Let’s move swiftly on to number two then. Let’s place our compass here this time. Well, the compass basically follows the direction of the magnetic field lines. So this is what the compass arrow will show. And so far, this looks okay. The south pole is pointing away from the north pole. And the north pole seems to be pointing towards the south pole of the magnet.

However, if we were to place this compass over here now, once again the compass follows the direction of the magnetic field lines and the compass points this way. So now it looks like the south pole of the magnet is pointing towards the south pole of the compass. And this north pole of the compass seems to be pointing towards the north pole of the bar magnet. This makes no sense. Once again, it breaks the rule of opposites attract, because of course the opposite should attract anywhere in the magnetic field, not just in some places. Therefore, this diagram is also an incorrect representation of the magnetic field of a bar magnet.

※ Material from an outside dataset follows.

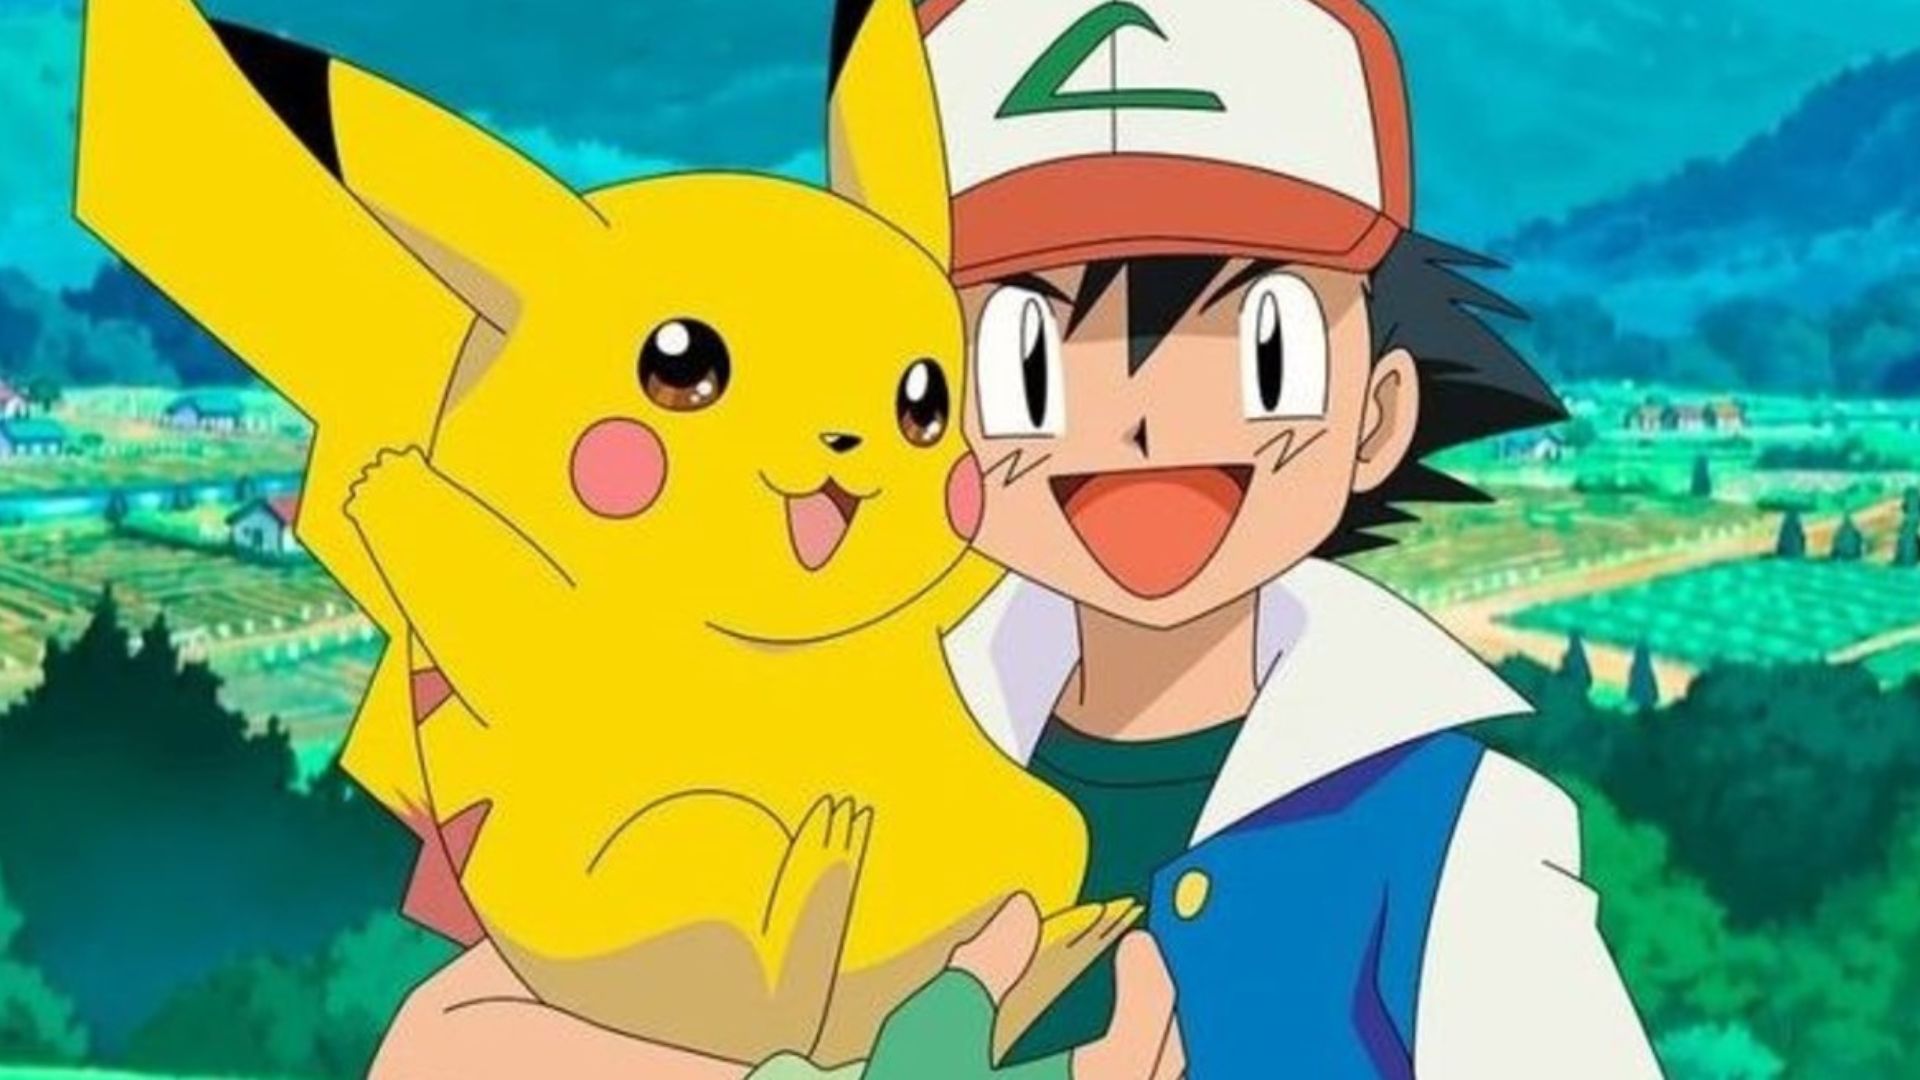 Pokémon se despede de Pikachu e Ash e lança nova série animada

Let’s then look at diagram number three. Let’s place the compass here this time. Well, once again, the compass follows the field lines and points in this direction, with the north pole and south pole being labeled as such. This looks okay. The north pole is pointing towards the south pole of the bar magnet. And the south pole is pointing towards the north.

However, let’s now place the compass here. Well, now it follows the field line again and points in this direction. This time, north is pointing to north and south is pointing to south. That again violates our rule of opposites attract. So this cannot be our correct diagram either, which means that number four must be right. So let’s give it a go.

Let’s say we place our compass here. Well, this is what the compass is gonna do. It will follow the field lines once again. And the north pole points to the south of the bar magnet and the south pole of the compass point to the north pole of the bar magnet. And this is true regardless of where we place the compass.

Let’s say we place it here instead. Well, once again, the compass arrow follows the field lines. And the north pole of the compass points to the south pole of the bar magnet, and vice versa. Therefore, this fourth diagram must be the correct description of the magnetic field produced by a bar magnet. And that is the final answer to our question.